Knife Lake Opening Day Fishing Season
May 14, 2006. We broke camp and made our way further up Knife, eventually resettling on a nice site opposite Thunder point. Did I mention the blooming bushes? This site had lush green grass, flowers everywhere you turned and a 280 degree view of the surrounding waters. We engineered an overly complex tarp setup, pitched the tent and rigged my bear confounder.
Steve and I headed out onto Knife to a location specified by John at VNO as a Laker hangout. I guess we found it, though why it was a Laker hangout was a mystery as the depth finder remained pegged at 103 feet. Nonetheless a school of Lakers was marked at 18-20 feet on my Humingbird. The winning rig today proved to be a blue and silver Rap running 3-5 feet behind a ½ oz lead weight and trolled very slowly.
Steve nailed a nice 3 lb Laker, and as he brought it in, a beautiful Loon popped up ten feet away from the canoe and watched with great interest.
What a Border County welcome!
The Loon stayed…. and frankly played with us. He would surface, do his Loon dance almost on command, and then decide to dive under the canoe. We could see him clearly diving under and we could predict his surface point within inches. We chatted with him… and he seemed to enjoy the attention… treating us again and again with his diving under the canoe trick. I actually began to worry about him hitting one of our Raps – that’d be a disaster – a Loon on the line!!!
I had marked the spot that we hit the Laker on the GPS and we retried the same spot time and time again with no further success. I decided that this one Laker would nicely feed the entire team so I clicked off the Humingbird and we returned to camp paying our respects to the watching Loon, Steve’s catch in tow.

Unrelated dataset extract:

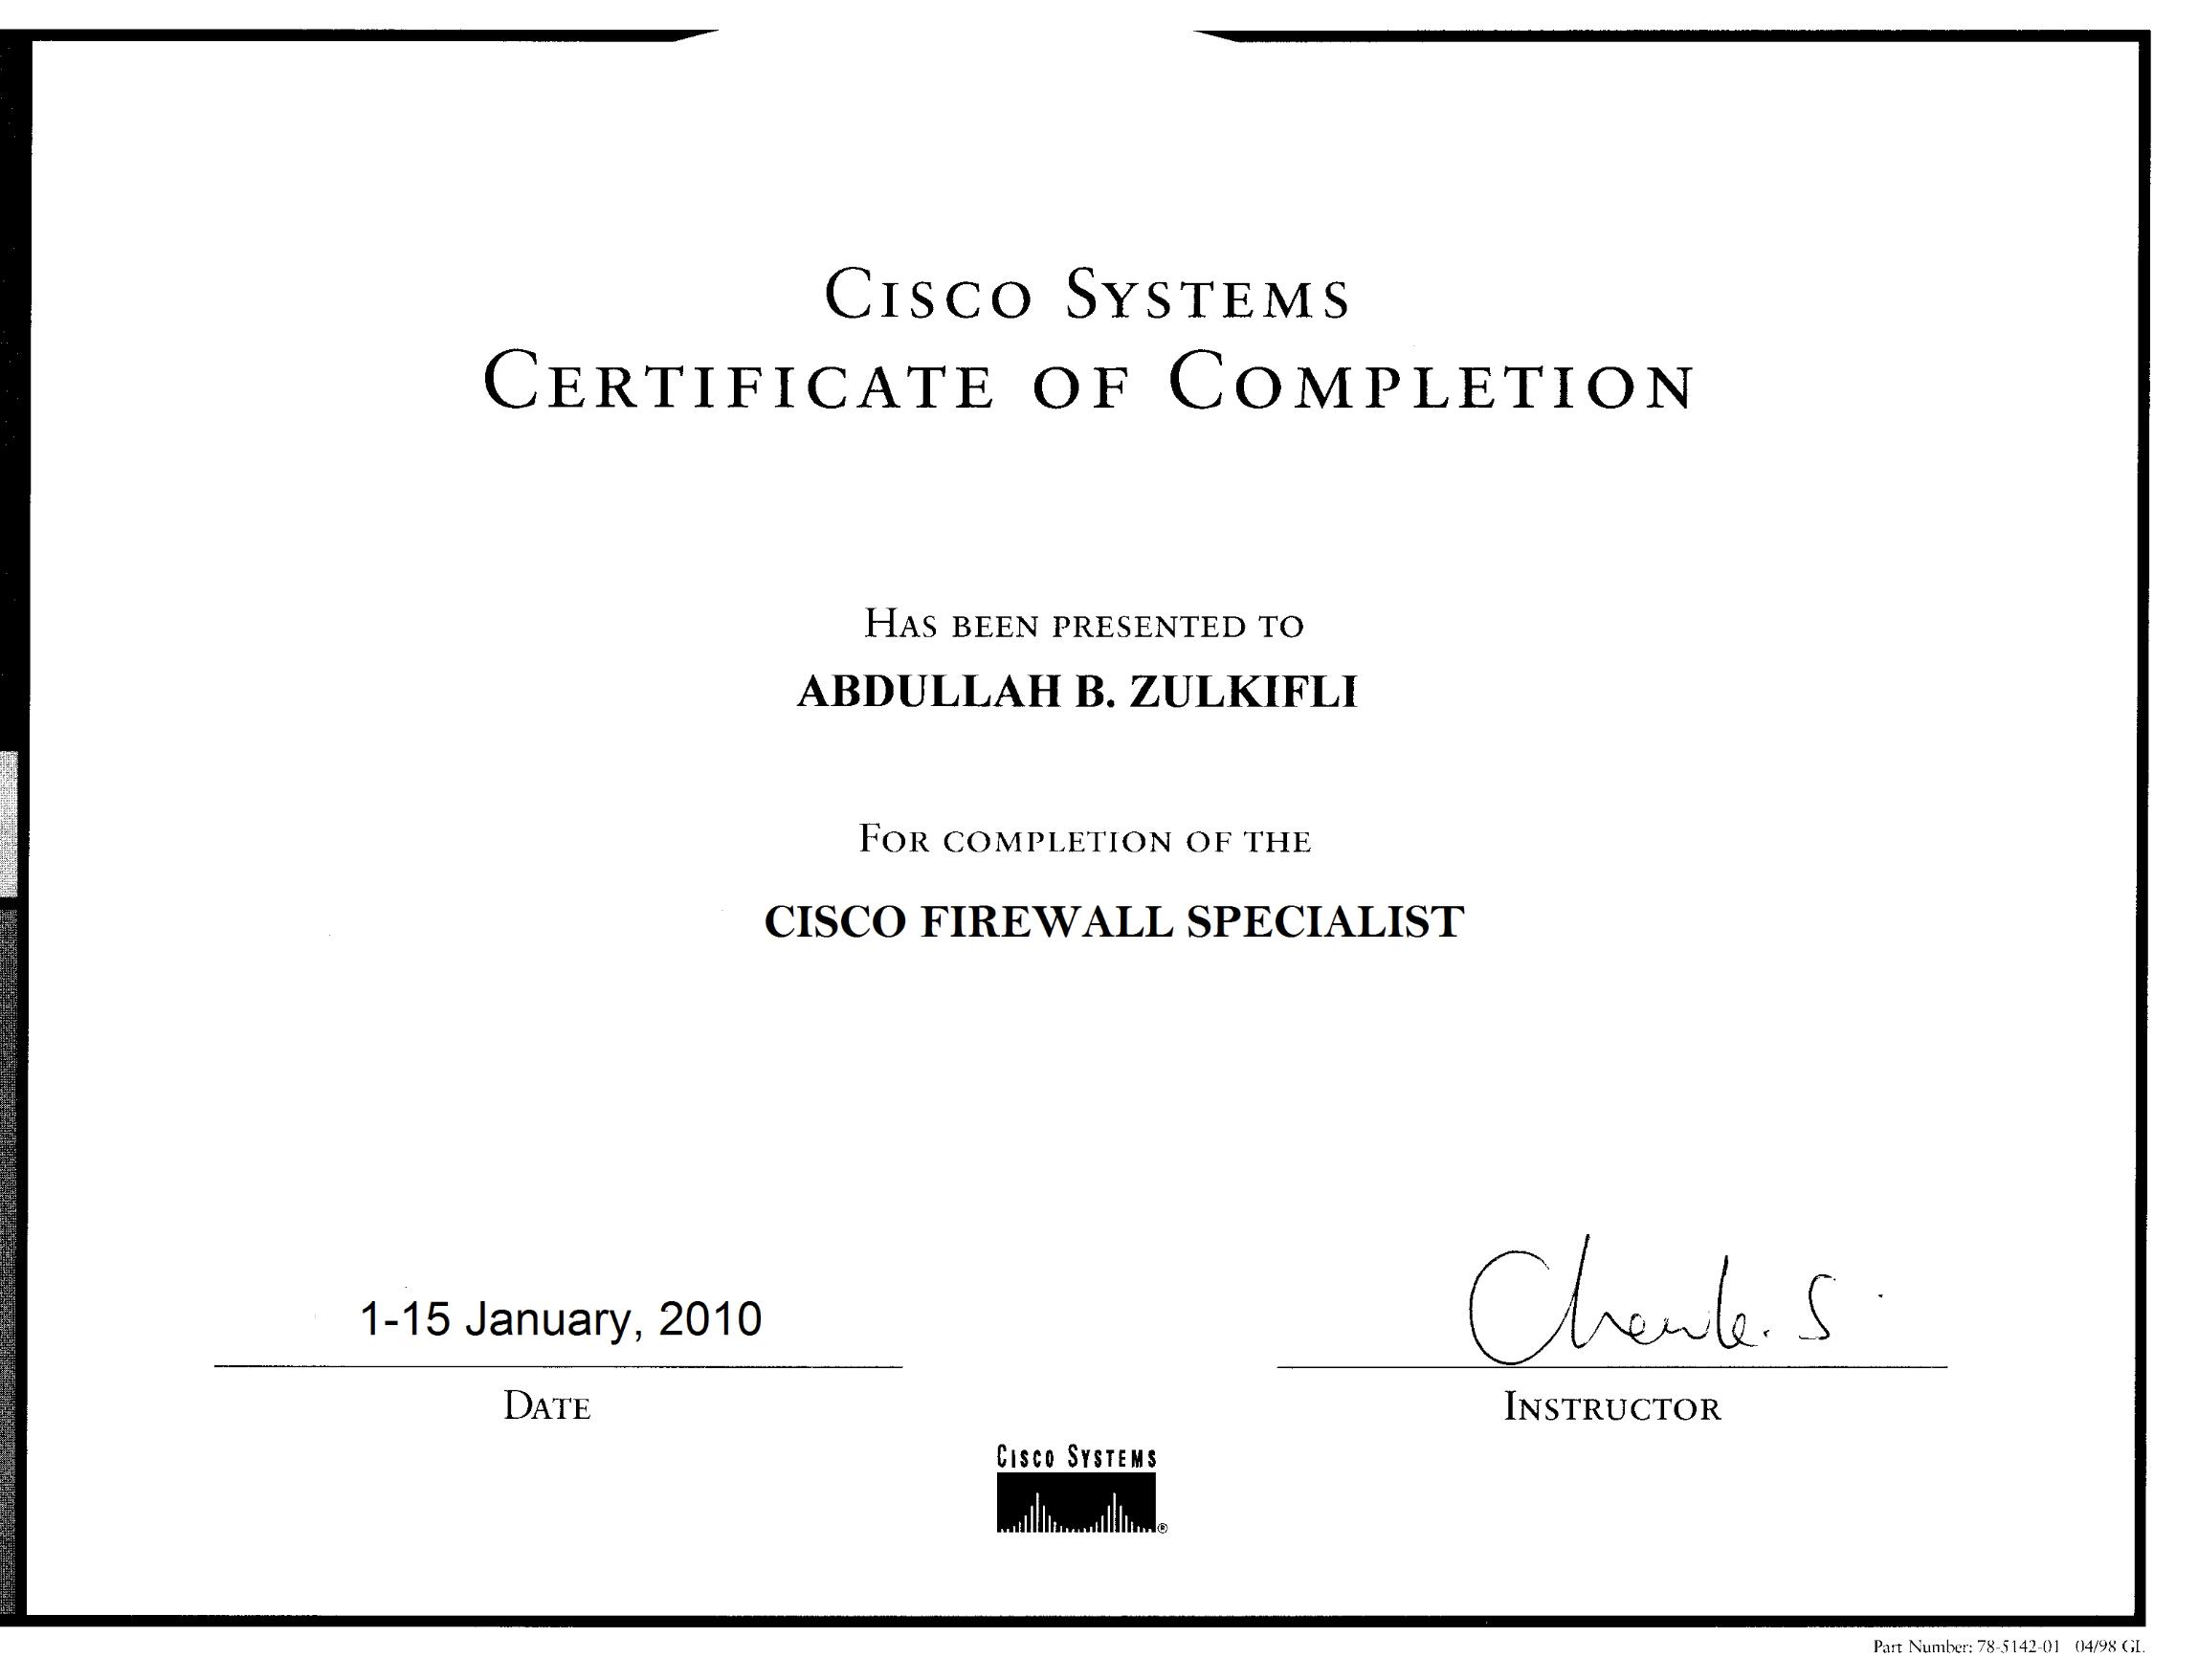 CISCO Firewall Specialist
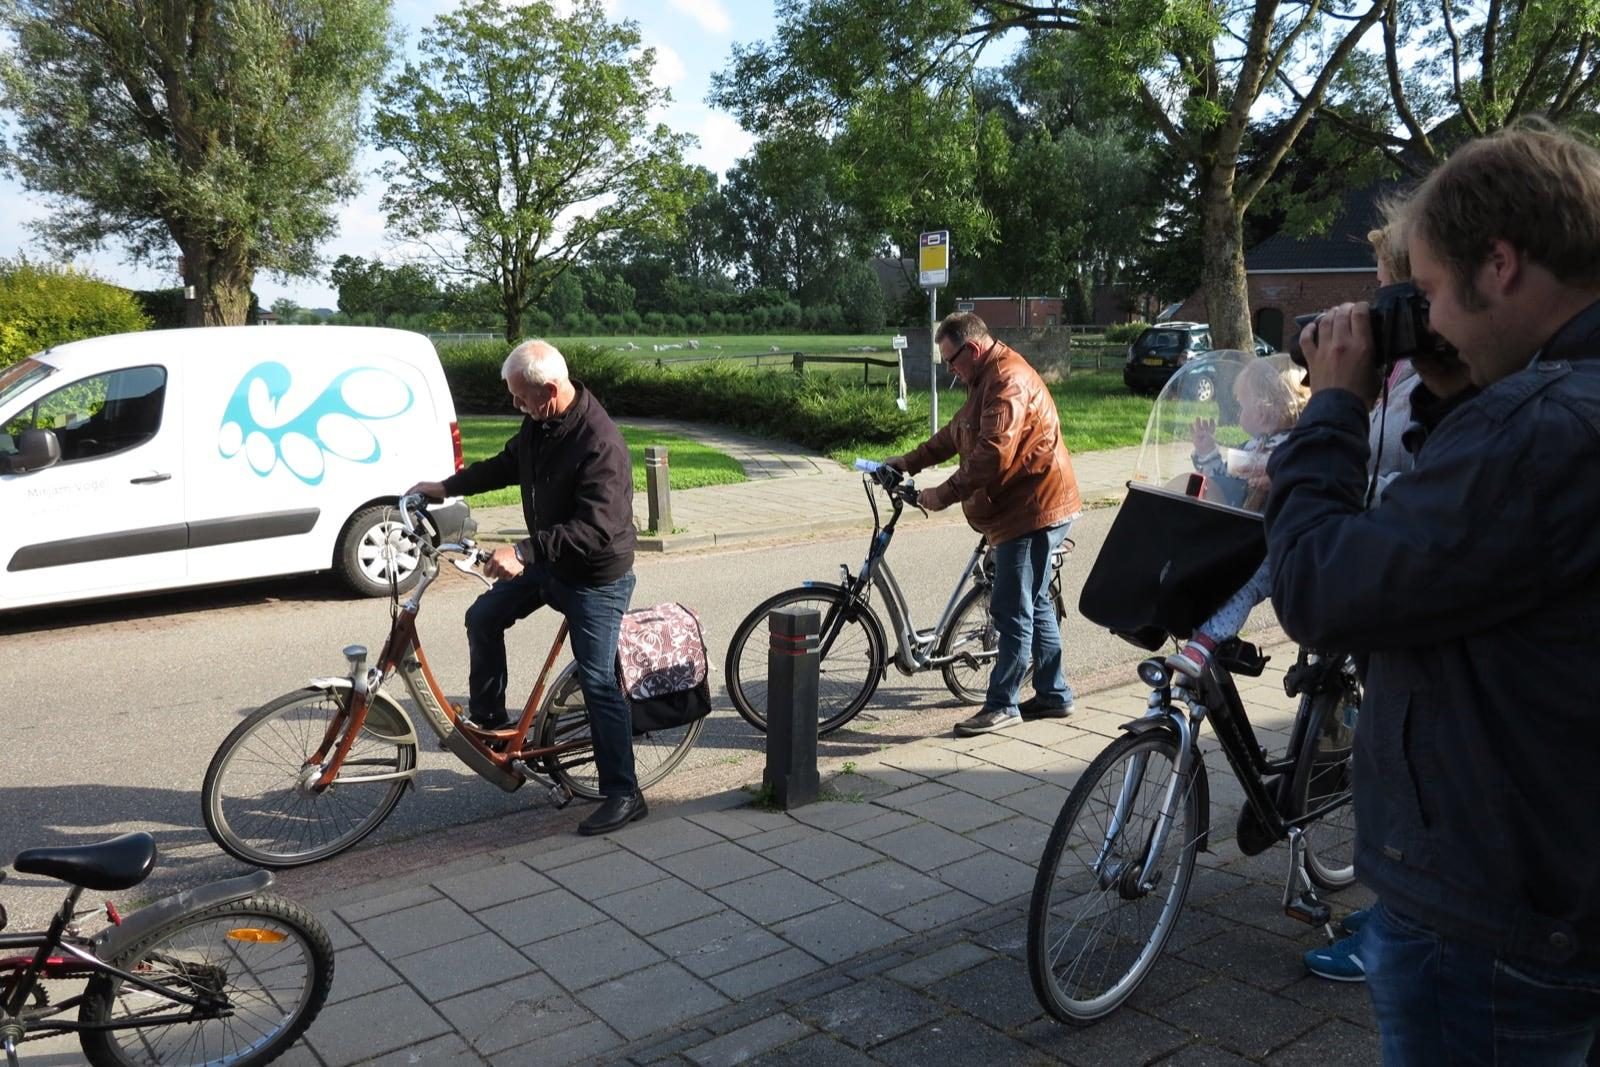 et-fiets-en-fietser-51-thesinger-fietstocht---jo-schuppert-en-reinder-van-der-veen-oi.jpg

Gena had been out in my stripper fishing (in the strange American way) with no success, he rejoined us and we paddled back to camp together.
On our return, Gena built a fine fire (another not insignificant talent) and Steve gutted and gilled the Laker. Aluminum foil was produced, and our fish was treated with sliced onions, carrots and lemon juice – the wrapped Laker covered the entire grill slightly hanging off either end over the now glowing embers.
We each had 1/3 and Gena requested the head to round out his meal. Seagulls were waiting patiently for the remains of the Laker – sitting just off the landing spot and occasionally wheeling overhead. The little that was left over, was burned in a very hot fire. Feeding the seagulls isn’t a good practice.
We retired early, with the occasional patter of raindrops hitting the tent.